FunctionGemma is the canonical fine-tuning target for Ertas's tool-calling product story. The training data format is the same JSONL function-call schema Ertas Studio supports natively: each example is a tool list, a user query, and the expected function call. Because the model is so small, full-parameter fine-tuning fits on consumer GPUs — a 12GB RTX 3060 trains FunctionGemma at full sequence length without LoRA — but LoRA and QLoRA also work and produce adapters under 50MB that can be hot-swapped at inference time.

The typical Ertas workflow for FunctionGemma is: define your tool schemas in Studio's Data Craft module, generate 300–800 representative function-call examples (using the bulk-generation flow that emits prompt templates for ChatGPT/Claude/Gemini), split into train/validation, fine-tune in Studio with the FunctionGemma base, evaluate on held-out function calls, and export to GGUF. The full cycle on representative tool schemas runs in 1–3 hours of wall-clock time on Studio's standard GPU tier and produces a model that hits 95%+ accuracy on the trained tool set.

For mobile deployment, the Ertas Deployment CLI takes the GGUF output and wires it into an iOS Swift, Android Kotlin, Flutter, or React Native project with llama.cpp dependencies installed. End-to-end — from raw tool schemas to a fine-tuned function-calling model running on-device in a real app — is a few hours of work, dominated by dataset curation rather than training or deployment plumbing.

Use Cases

FunctionGemma's primary use case is the function-calling layer inside an agent system: turn a user request into a structured tool invocation that downstream code can execute. For mobile apps with a small number of high-frequency tools — booking, scheduling, search, CRUD operations on user data — FunctionGemma at 200MB on-device replaces a cloud API call entirely, eliminating per-token costs and removing network round-trips from latency-sensitive flows.

For agent frameworks that support OpenAI-compatible endpoints (LangGraph, Pydantic AI, OpenAI Agents SDK, Smolagents, Mastra, Vercel AI SDK), FunctionGemma can serve as a dedicated tool-routing layer behind a larger reasoning model. The pattern: a 7B–14B model handles open-ended reasoning, FunctionGemma handles the structured tool-call emission, and both run locally. Inference cost drops dramatically without sacrificing tool-call reliability.
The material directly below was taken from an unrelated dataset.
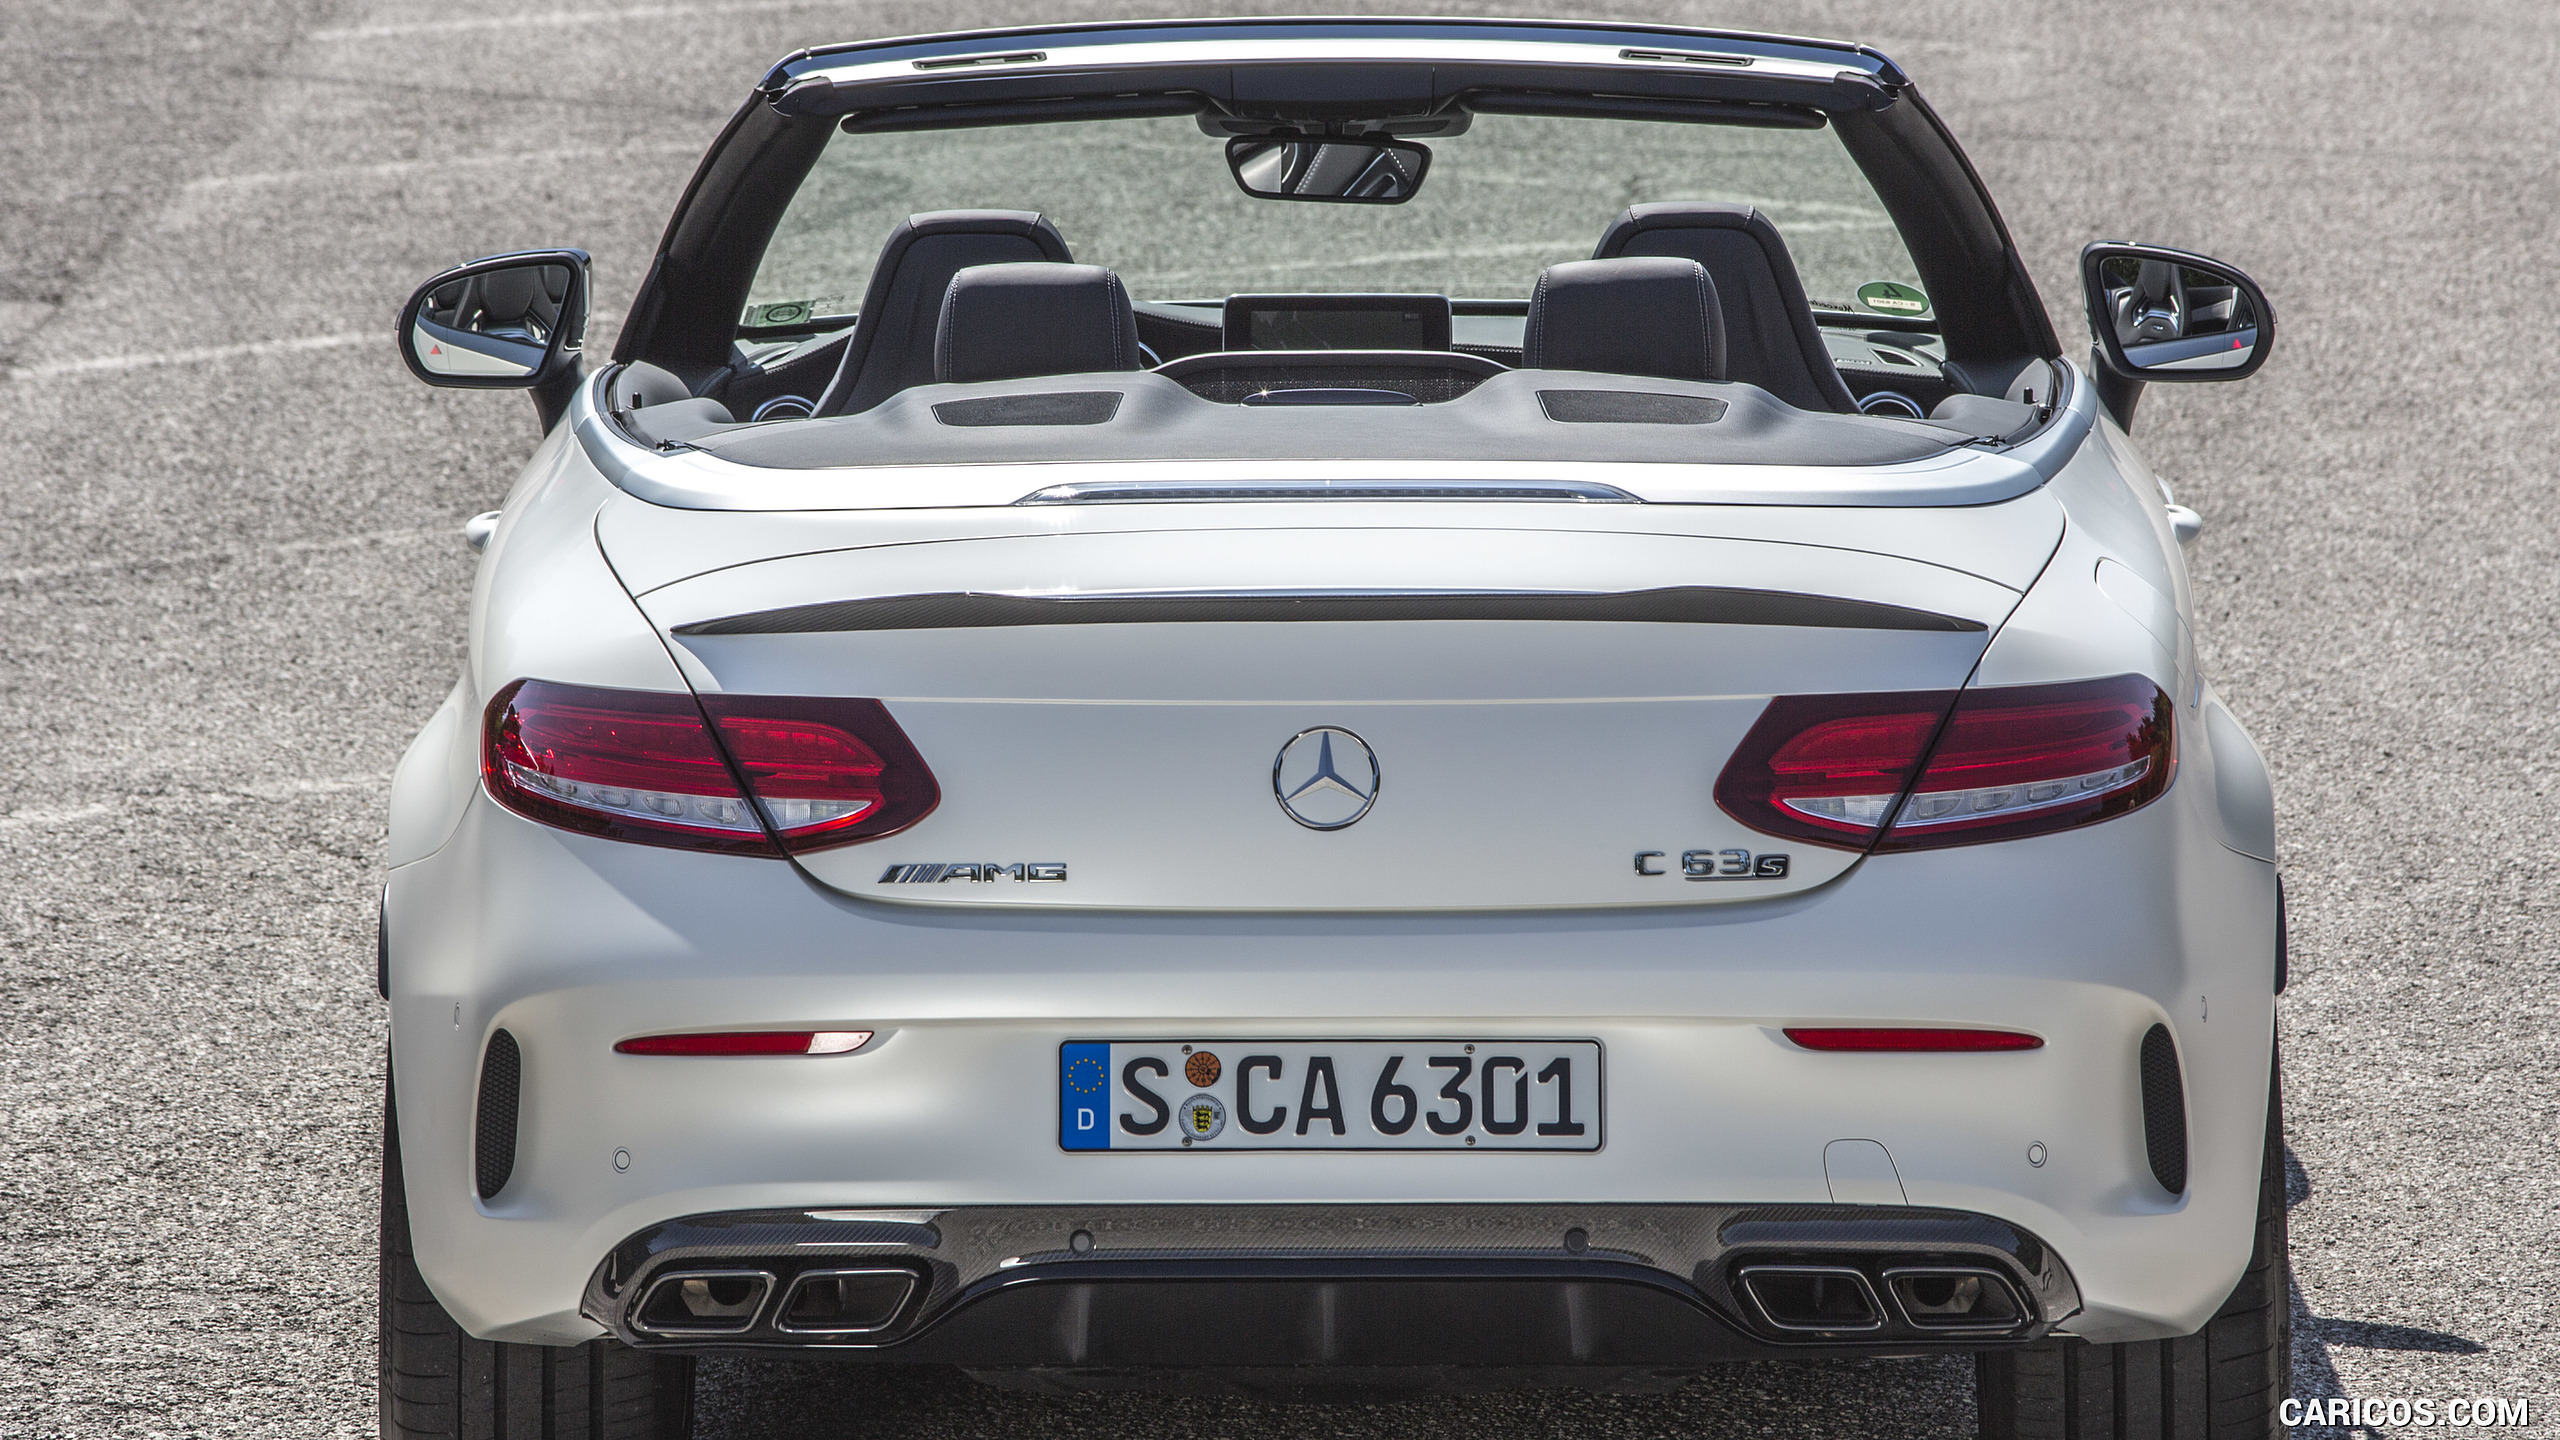 2017 Mercedes-AMG C63 S Cabriolet - Rear, #132 of 222

The small size also makes FunctionGemma the right choice for embedded and edge deployments: factory-floor robotics with limited compute, IoT devices that need natural-language control, in-vehicle systems where every megabyte of model weight is contested. Anywhere a general-purpose 3B–8B model is too large but a clean intent-to-invocation mapping is required, FunctionGemma is the default starting point.

Hardware Requirements

At Q4_K_M quantization, FunctionGemma weights are approximately 180MB and require ~250MB of total RAM at inference time including KV cache for short contexts. This fits comfortably on phones (iOS 14+ devices, Android devices with 2GB+ RAM), single-board computers (Raspberry Pi 4/5), embedded boards (Jetson Nano), and any laptop or desktop.

Throughput on consumer hardware: 180–250 tokens/second on a modern laptop CPU (Apple Silicon M1/M2 or Ryzen/Intel mobile), 800+ tokens/second on consumer GPUs (RTX 3060 and above), and 1500+ tokens/second on data-center GPUs. Because tool calls are short (typically under 100 output tokens), wall-clock latency from prompt to complete function call is in the 50–200ms range on most consumer hardware — fast enough for interactive use without a perceptible pause.
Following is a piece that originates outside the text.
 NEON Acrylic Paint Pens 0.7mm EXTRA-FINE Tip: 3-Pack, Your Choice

For fine-tuning in Ertas Studio, a 12GB consumer GPU (RTX 3060, RTX 4060) handles full-parameter training at 1024-token sequence lengths. LoRA and QLoRA reduce this to 6–8GB and produce adapters small enough to ship as model patches. Training time on representative tool-call datasets (300–800 examples, 3–5 epochs) is typically 30–90 minutes on Studio's standard GPU tier.